Однако Каупервуд все-таки решил на этот раз не открывать Стэйну своих махинаций. У него невольно мелькнула мысль о Беренис; ведь у них был уговор, что она будет помогать ему поддерживать отношения вот именно с такими людьми, как лорд Стэйн. Но теперь, после того как Каупервуд на себе испытал бесспорное обаяние Стэйна, ему вовсе не улыбалось знакомить его с Беренис. Он заставил себя не думать об этом и стал слушать Джонсона – тот говорил о положении, в котором находился в настоящее время лондонский подземный транспорт.

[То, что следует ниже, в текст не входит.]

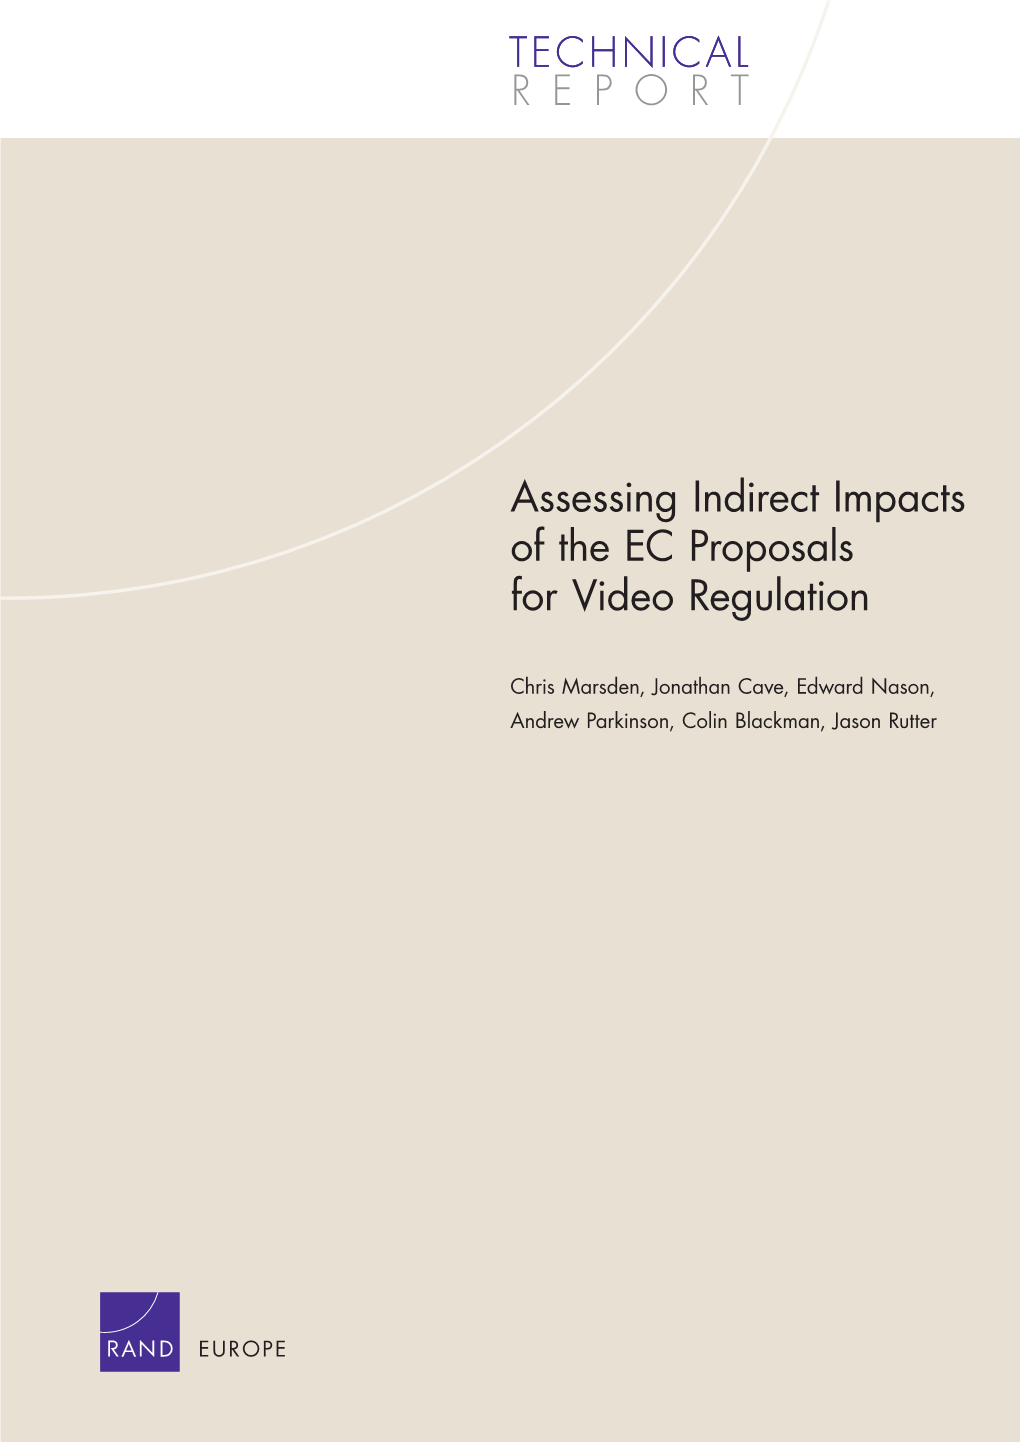 Assessing Indirect Impacts of the EC Proposals for Video Regulation

Когда Джонсон закончил свой обзор, Каупервуд четко и ясно изложил свой план объединения подземных линий. Он распространялся главным образом насчет электрификации, освещения, новой системы электротяги, воздушных тормозов и автоматической сигнализации и блокировки. Лорд Стэйн только один раз позволил себе перебить его:

– Вы, простите, имеете в виду личный контроль над всей этой сетью или контроль директората?

– Безусловно, контроль директората, – не задумываясь, отвечал Каупервуд, который на самом деле отнюдь не имел этого в виду. – Я полагал, если мне удастся осуществить это объединение подземных дорог, – продолжал он, между тем как Джонсон и Стэйн молча наблюдали за ним, – учредить новую компанию, включив в нее «Чэринг-Кросс», которая теперь является моей собственностью. Чтобы привлечь пайщиков нынешних кольцевых линий, я готов предложить им за каждую их акцию, которой они сейчас владеют в своих карликовых компаниях, по три акции в этой новой, объединенной компании. А поскольку постройка линии Чэринг-Кросс обойдется по меньшей мере в два миллиона фунтов стерлингов, вы сами можете судить, на сколько увеличится их состояние.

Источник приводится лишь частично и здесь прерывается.